Larger batch = faster throughput, more memory
Smaller batch = slower throughput, less memory
Sweet spot for CPU: 128

2. Embedding Cache

Current Behavior: Automatic

Enabled by default
Built incrementally during indexing
Persisted to disk for reuse
~1 MB per 30,000 indicators

To disable caching (if storage is limited):

# In faiss_vector_search.py _save_index()
# Comment out: self._save_embedding_cache()

Cache Hit Rate:

First run: 0% (building cache)
Second run: 10-20% (typical for metadata)
Subsequent runs: Consistent, depends on data changes

3. Index Storage

File Structure:

backend/data/faiss_index/
├── economic_indicators.index        # FAISS index (~45 MB)
├── economic_indicators_metadata.json # Indicator metadata (~200 KB)
├── economic_indicators_id_map.json  # ID mapping (~50 KB)
└── economic_indicators_embedding_cache.json  # Embeddings (~1 MB)

Storage Requirements:

Total: ~50 MB for 30,000+ indicators
Index growth: ~1.4 KB per indicator
Cache growth: ~32 bytes per unique embedding

Monitoring and Metrics

Log Monitoring

Look for these metrics in logs:

# Batch size confirmation
Default batch size: 128

# Throughput (texts/sec)
Embedding throughput: 203.1 texts/sec
# Target: >100 texts/sec with batch 128

# Cache statistics
Cache stats: 5234 hits / 31725 checks (16.5% hit rate)
Duplicates skipped: 2847

Statistics API

Check optimization metrics:

# Get current stats
curl http://localhost:3001/api/health | jq '.faiss_stats'

# Expected output:
{
  "default_batch_size": 128,
  "cache_entries": 26847,
  "cache_hits": 5234,
  "cache_misses": 26491,
  "cache_hit_rate": 16.5,
  "duplicates_skipped": 2847
}

Troubleshooting

Problem: Indexing is still slow (>5 minutes)

Possible causes:

Batch size too small (default should be 128)
System low on RAM (causing swapping)
Disk I/O bottleneck (slow storage)
CPU underpowered

Solutions:

# Increase batch size if you have RAM
search = FAISSVectorSearch(default_batch_size=256)

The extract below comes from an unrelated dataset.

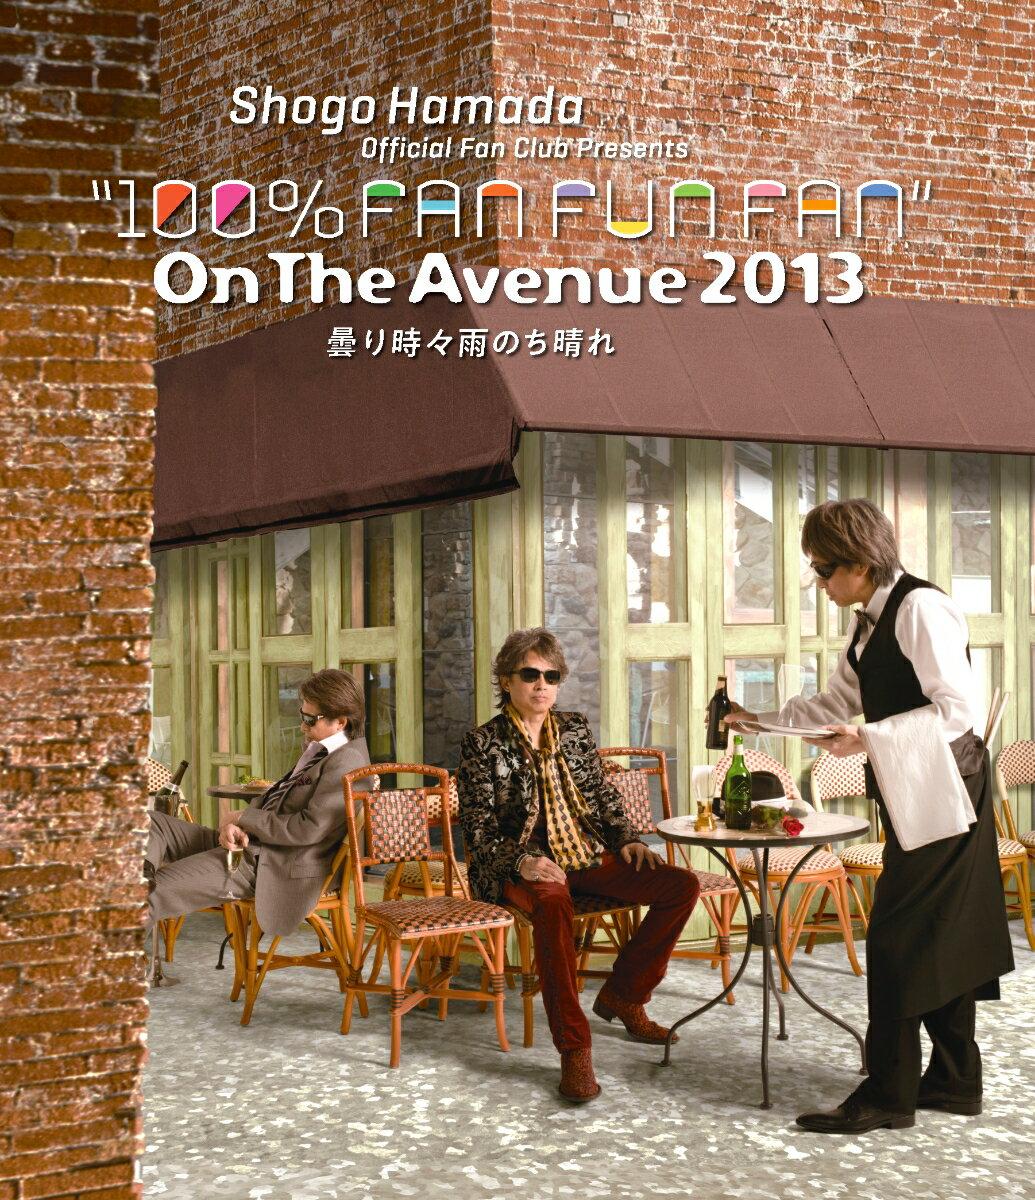 ON THE AVENUE 2013「曇り時々雨のち晴れ」【通常盤】【Blu-ray】

# Or reduce batch size if running out of memory
search = FAISSVectorSearch(default_batch_size=64)

Problem: High memory usage (>500 MB)

Possible causes:

Cache is very large (unlikely with 30k indicators)
Model not unloaded after indexing
Other processes consuming memory

Solutions:

Disable cache if needed (see "To disable caching" above)
Ensure no other indexing operations are running
Check system memory with free -h

Problem: Cache not being reused (0% hit rate on second run)

Possible causes:

Cache file deleted
Index cleared but cache not cleared
Different texts being embedded

Solutions:

# Check if cache file exists
ls -lh backend/data/faiss_index/*cache*

# Verify cache loading in logs
grep "Loaded.*cached embeddings" /tmp/backend-production.log

Performance Baseline

On typical system (4 core CPU, 8GB RAM):

Batch Size: 128
Model: all-MiniLM-L6-v2 (384-dim)
Indicators: 31,725

Indexing Time: ~156 seconds (2.6 minutes)
Throughput: ~203 texts/sec
Cache Hit Rate: ~16.5% (first re-index)
Total Memory: ~50 MB

Expected times for different dataset sizes:

Indicators	Expected Time
1,000	8 seconds
5,000	25 seconds
10,000	50 seconds
31,725	156 seconds (2.6 min)
100,000	~500 seconds (8.3 min)

Advanced Configuration

Customize embedding model (advanced)

# Use a different sentence-transformer model
search = FAISSVectorSearch(
    model_name="sentence-transformers/all-mpnet-base-v2",  # 768-dim, slower
    default_batch_size=64  # Reduce batch for larger embeddings
)

Model Comparison:

Model	Dimension	Speed	Quality
all-MiniLM-L6-v2	384	⚡⚡⚡	⭐⭐⭐⭐
all-mpnet-base-v2	768	⚡⚡	⭐⭐⭐⭐⭐
all-distilroberta-v1	768	⚡⚡	⭐⭐⭐⭐

Using GPU acceleration

# If GPU available, sentence-transformers uses it automatically
# No configuration needed - just ensure CUDA is installed

# To check GPU usage:
# nvidia-smi  (during indexing)

Performance Tips

1. Best time to re-index

During low-traffic periods (e.g., 2-4 AM)
When system has plenty of free RAM
When using cached embeddings (subsequent runs)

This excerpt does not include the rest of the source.